Tão logo foi lançado, o livro “Quem pagou a
conta? A CIA na Guerra Fria da cultura” de Frances Stonor Saunders, este se
tornou uma sensação nos círculos acadêmicos e políticos dos Estados Unidos da
América. No ano de seu lançamento nos EUA (1999), o Brasil se encontrava no
início do segundo mandato de Fernando Henrique Cardoso (FHC), após a
flexibilização do câmbio, medida adotada mediante a nova quebra financeira do
país que uma vez mais recorria ao Fundo Monetário Internacional (FMI). Os
adversários o criticavam por sua manobra eleitoreira de esconder a desvalorização
do real frente ao dólar (não sem que alguns privilegiados soubessem) adotada
logo após as eleições, sempre tendo o auxilio do onipresente FMI, visando sua permanência
no Palácio do Planalto.
O livro chegou às livrarias brasileiras já no segundo
mandato de Luís Inácio Lula da Silva (2008) e mostrou a que veio ao causar o
mesmo frisson, num período em que as comparações entre os governos de FHC
(1995-2002) e o de Lula (2003-2010) se tornaram inevitáveis. Os críticos ao
governo de FHC formados em sua maioria pela esquerda e centro-esquerda eram
muitos, também muitos eram os seus defensores. FHC em seu governo levou a cabo
um dos maiores programas de privatizações do mundo. E privatizar ou não já é
algo que divide opiniões, pois, está no cerne das discussões ideológicas sobre
o papel do Estado. Afinal, o Estado deve ser mínimo e estar a serviço da
iniciativa privada ou prestar serviços básicos à população mantendo empresas
estatais em setores estratégicos e fomentar o desenvolvimento socioeconômico
nacional? Pior ainda quando além dos preços baixíssimos alcançados nos leilões
das estatais, grande parte das privatizações se fez com empréstimos subsidiados
(de “pai para filho”) do BNDES ou em troca de “moedas podres” (títulos públicos
desvalorizados), ficando essas privatizações conhecidas como privataria
(privatização+pirataria). O sucesso no campo socioeconômico do governo Lula em
oposição aos resultados pífios do governo FHC não era suficiente para a
centro-esquerda. Era necessário mostrar aos simpatizantes do “príncipe dos
sociólogos” ou “príncipe da privataria” quem era FHC e a serviço de quem ele
estava. Algo que já estava evidente desde 1997, por ocasião do lançamento do
livro “Fernando Henrique Cardoso, o Brasil do possível” da jornalista francesa
Brigitte Hersant Leoni. À página 154 da obra, traz à luz as relações de
financiamento do CEBRAP de FHC em 1969 pela Fundação Ford (que Saunders revela
ser testa-de-ferro da CIA) que pode ter chegado à ordem de um milhão de
dólares.
A autora do livro, Frances Stonor Saunders (1966), é uma
jornalista e historiadora britânica, formada pela Universidade de Oxford (1987)

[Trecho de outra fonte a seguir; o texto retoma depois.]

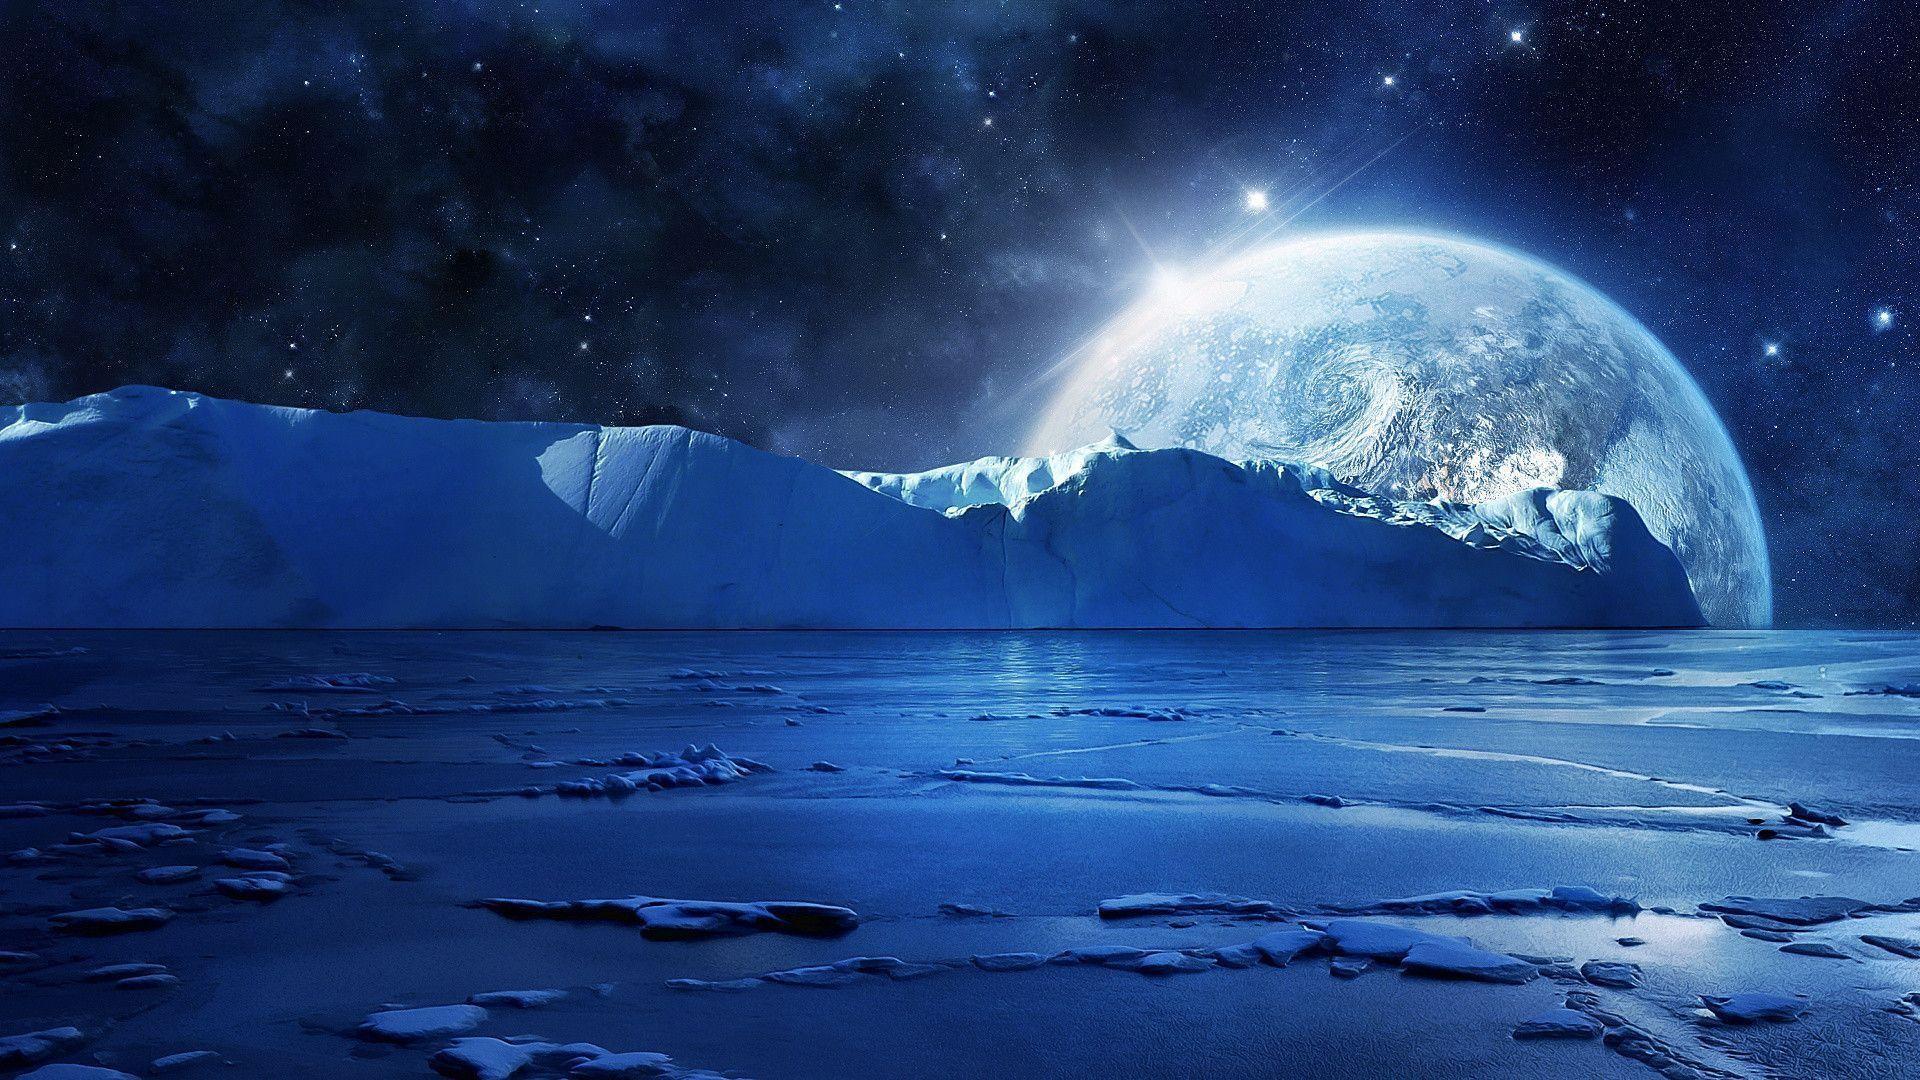 Res: 1920x1080, Oceans - Bluekait Wallpaper (35959317) - Fanpop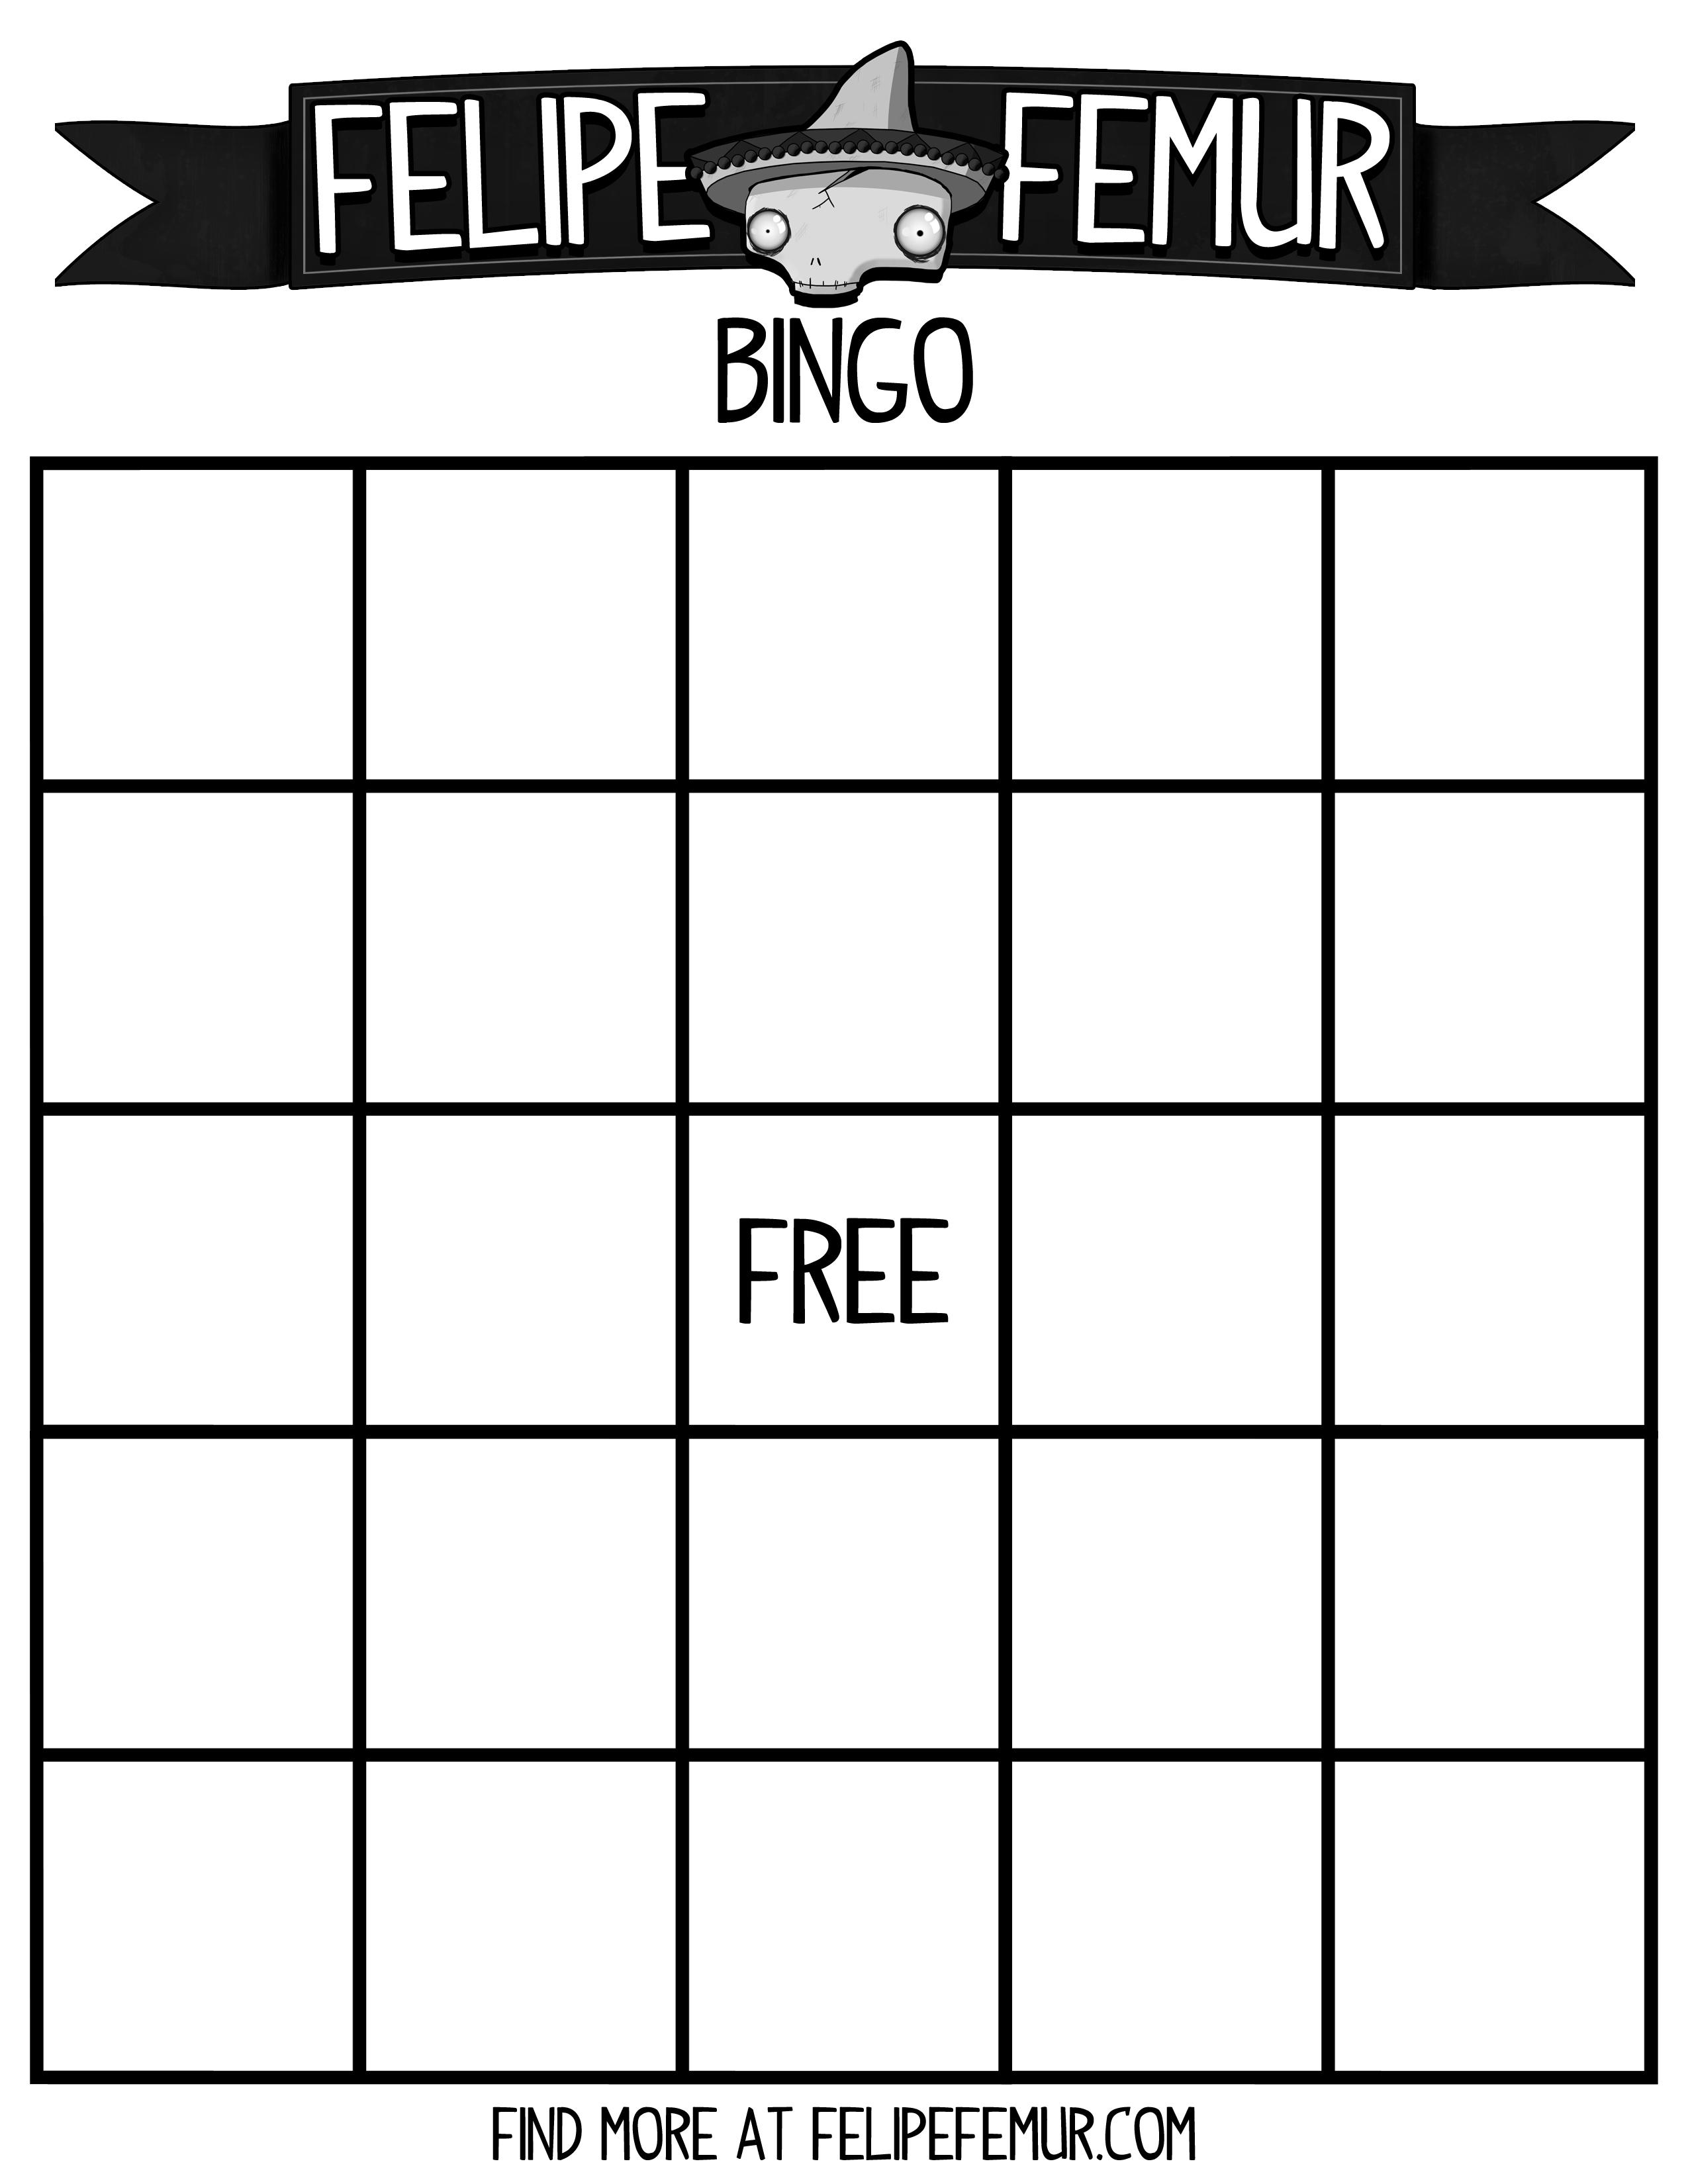 Free Bingo Cards Felipe Femur

que trabalhou como cineasta televisiva produzindo vários documentários. O livro
de Saunders é um calhamaço de 556 páginas em que a autora discorre sobre os
resultados de sua extensa e detalhada pesquisa. Na obra, a autora mostra que a
CIA, por meio de fundações de fachada e outras aliadas não faziam apenas o
papel de um suposto Ministério da Cultura do país ianque patrocinando artistas
e intelectuais, pois, havia intencionalidades, e estas eram fazer a publicidade
anticomunista e pró-estadunidense, sem, no entanto, parecer publicidade dirigida
pela CIA a serviço dos Estados Unidos da América. Dessa forma, orquestras
sinfônicas e exposições de artistas plásticos estadunidenses foram enviadas em
excursões pela Europa principalmente nos anos 1950/60 para divulgar o país, o
capitalismo e a democracia liberal buscando eliminar a ideia dos europeus de
que os estadunidenses são culturalmente insignificantes.
A CIA
patrocinou, e até mesmo criou revistas em vários países europeus, que, para
manter as aparências, vez ou outra dirigiam algumas críticas “permitidas” aos
Estados Unidos da América. Grande parte das pessoas que trabalhavam nestas
revistas não sabiam dos recursos da CIA que mantinham tais publicações cujo
foco era condenar o autoritarismo, principalmente o do modelo soviético. Porém,
a autora mostra que tal como os intelectuais de esquerda (não comunistas)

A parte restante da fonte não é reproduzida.